**TASK DETAILS**
Word for word, the data below must be repeated in full; no picture is to be included.

**SUPPLIED INFORMATION**
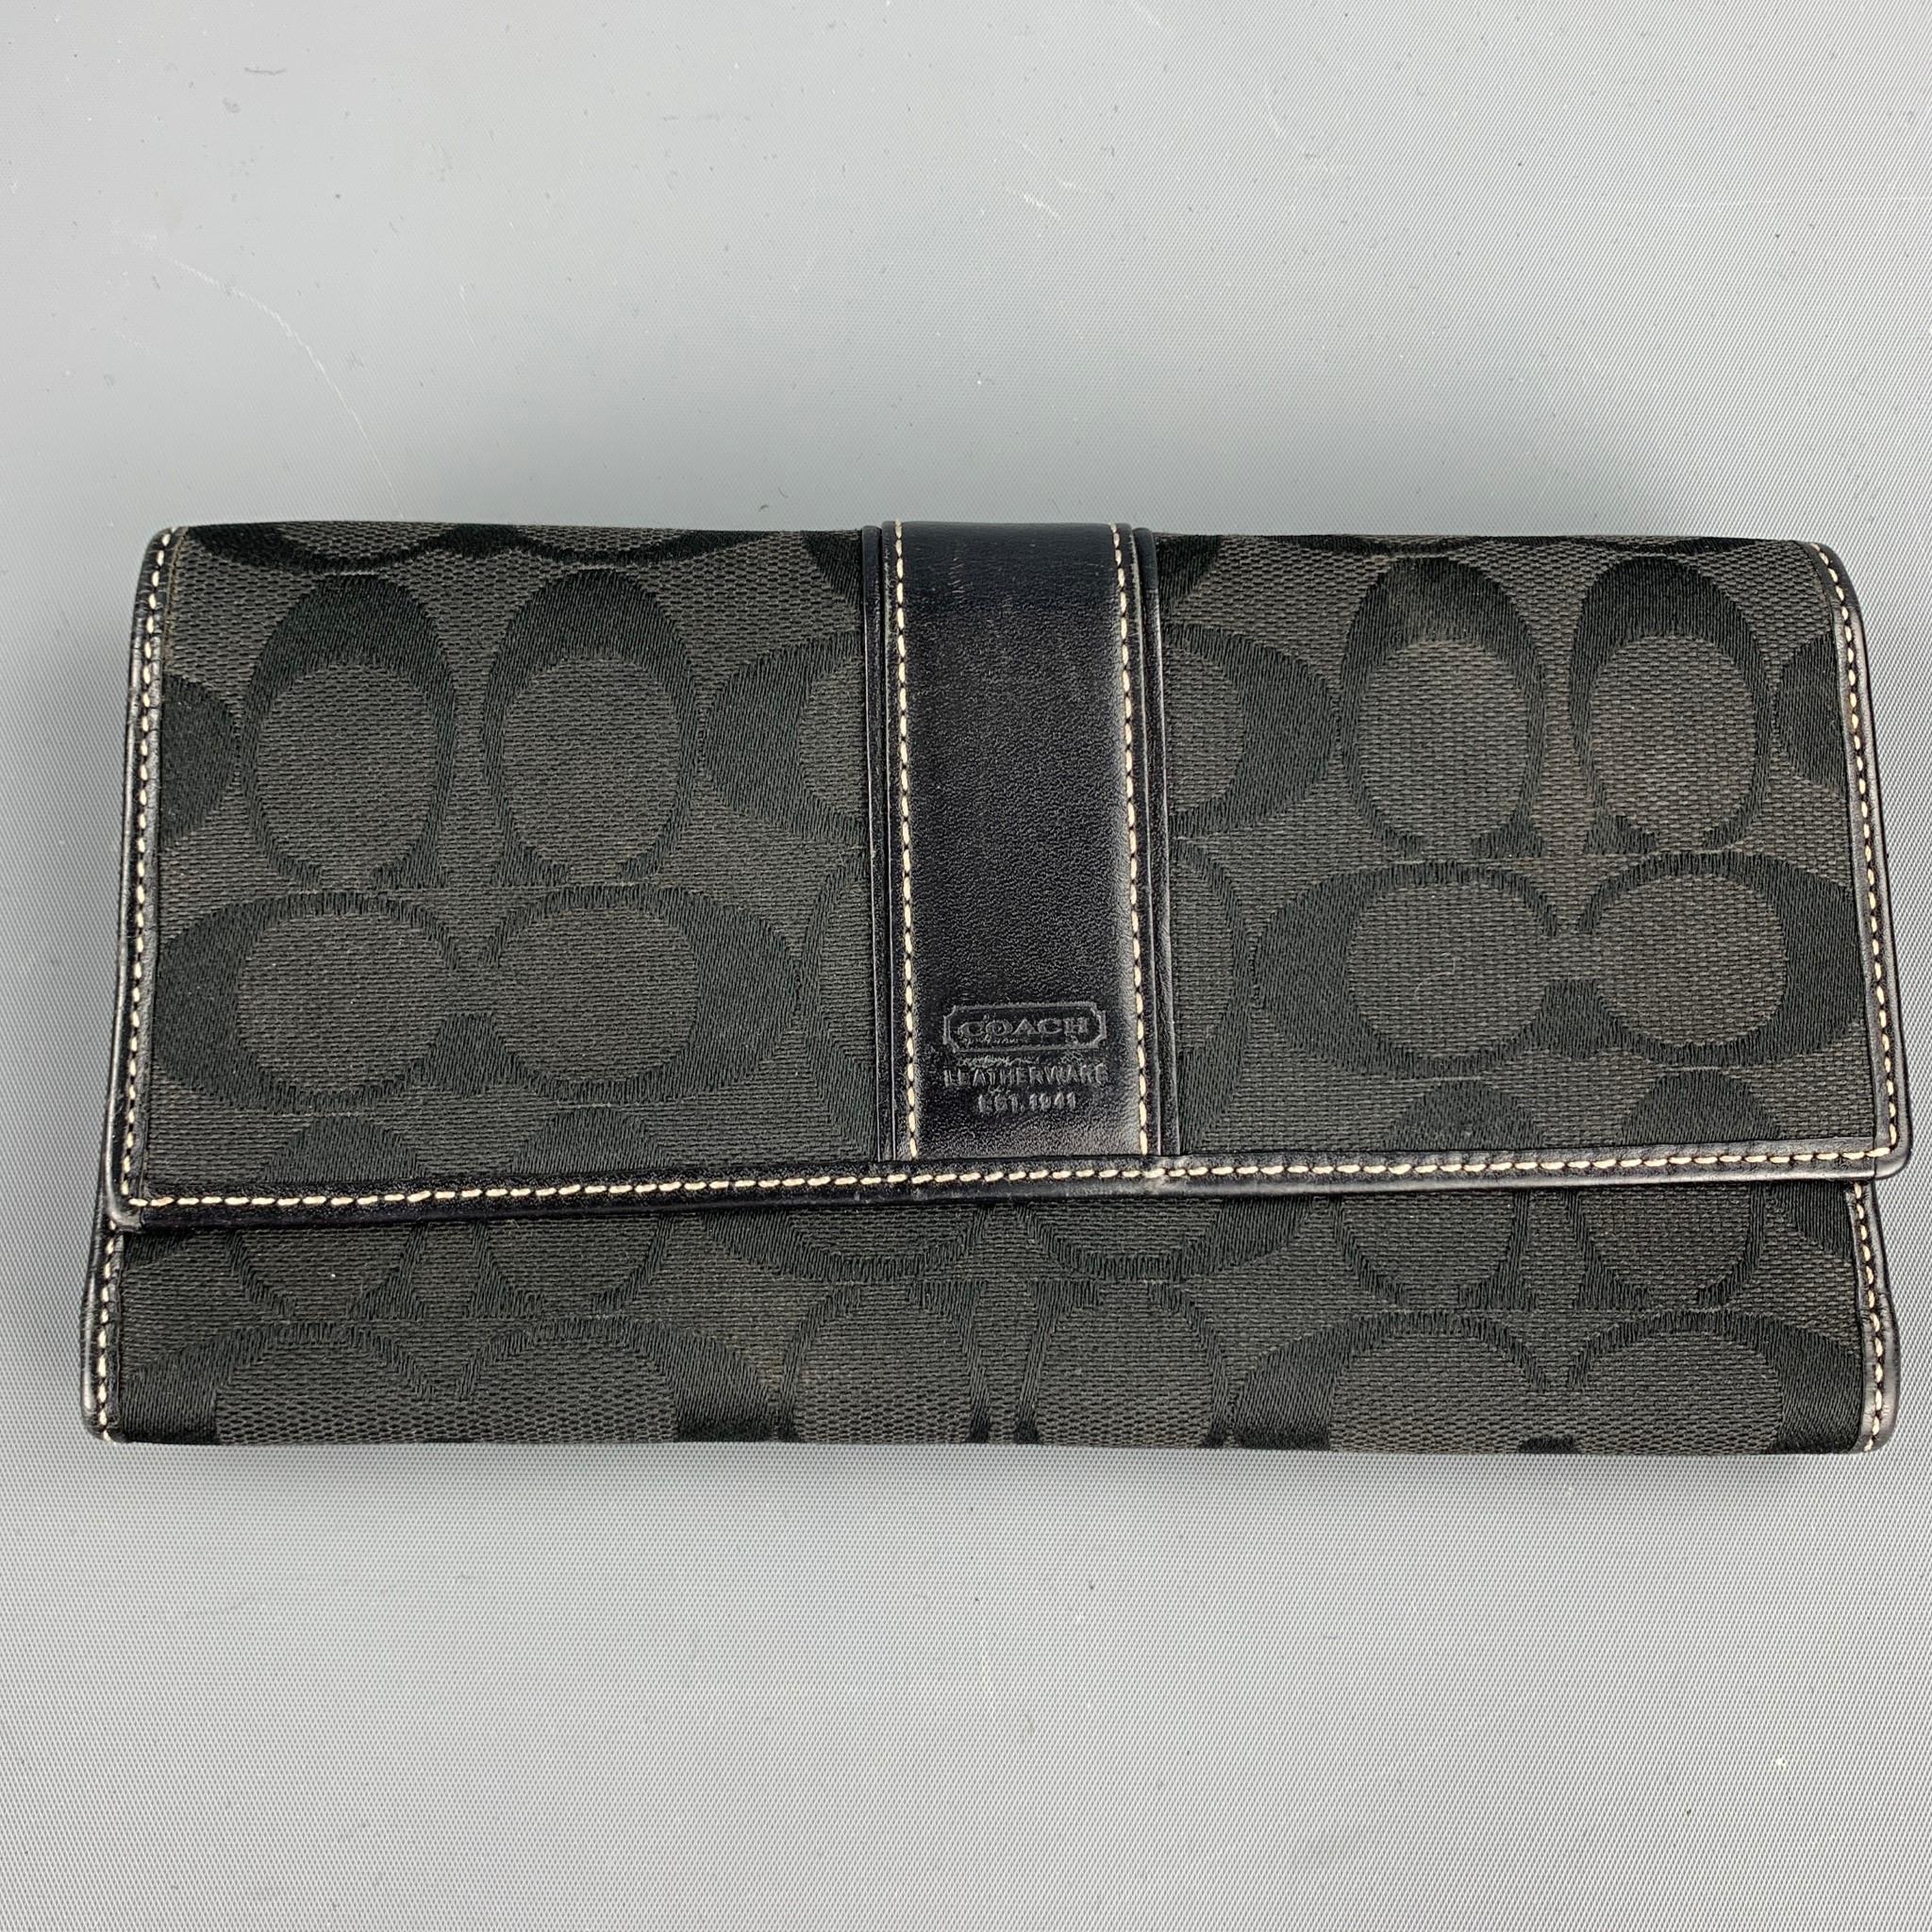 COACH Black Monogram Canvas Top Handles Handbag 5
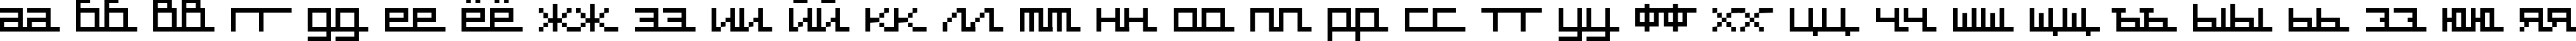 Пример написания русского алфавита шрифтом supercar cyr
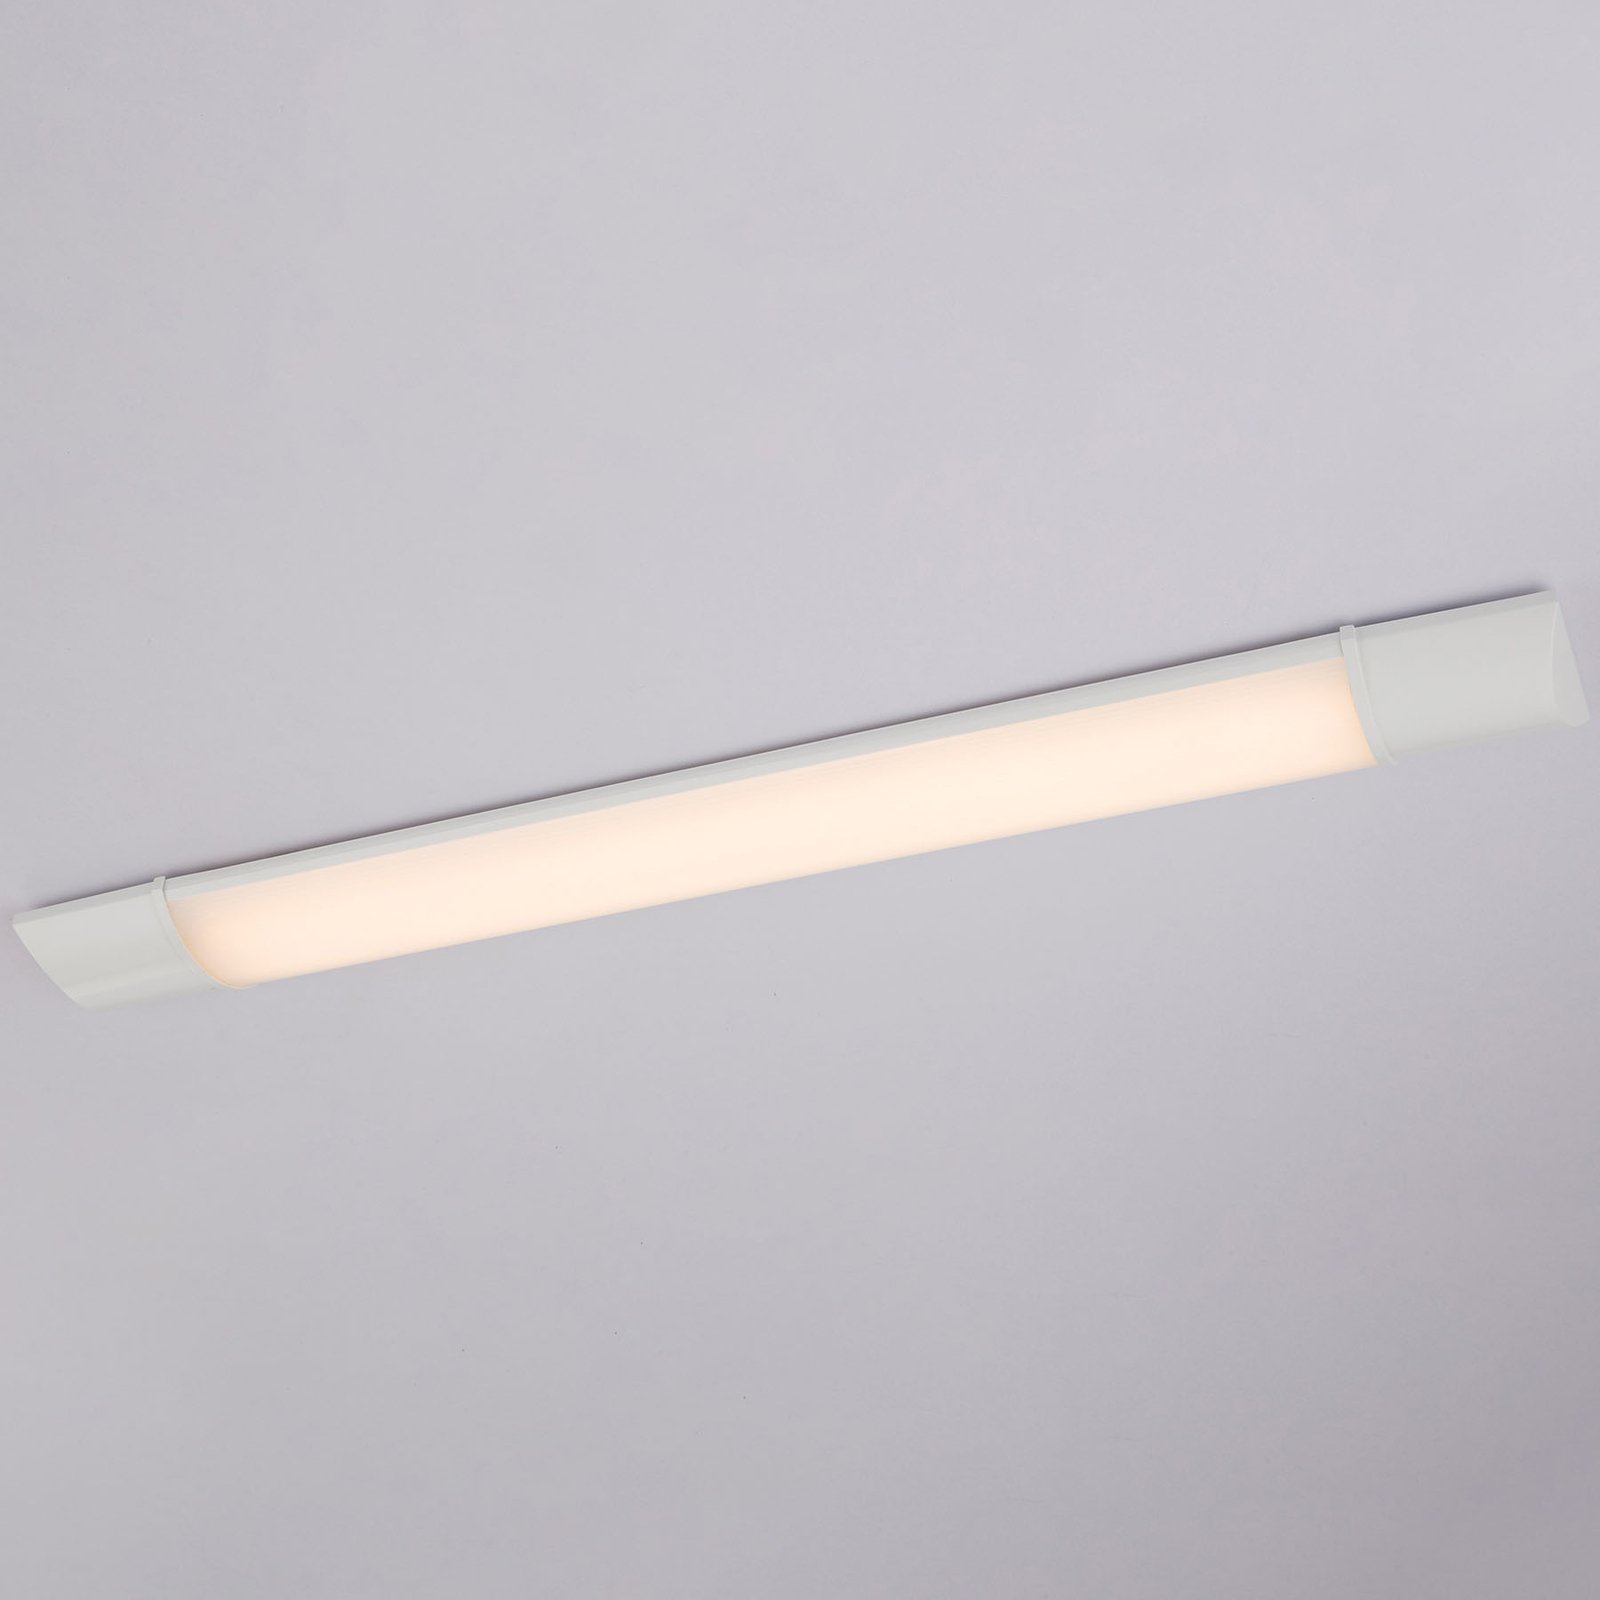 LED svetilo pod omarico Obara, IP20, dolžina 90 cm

**PROBLEM SOLUTION**
 COACH Black Monogram Canvas Top Handles Handbag 5
 Пример написания русского алфавита шрифтом supercar cyr
 LED svetilo pod omarico Obara, IP20, dolžina 90 cm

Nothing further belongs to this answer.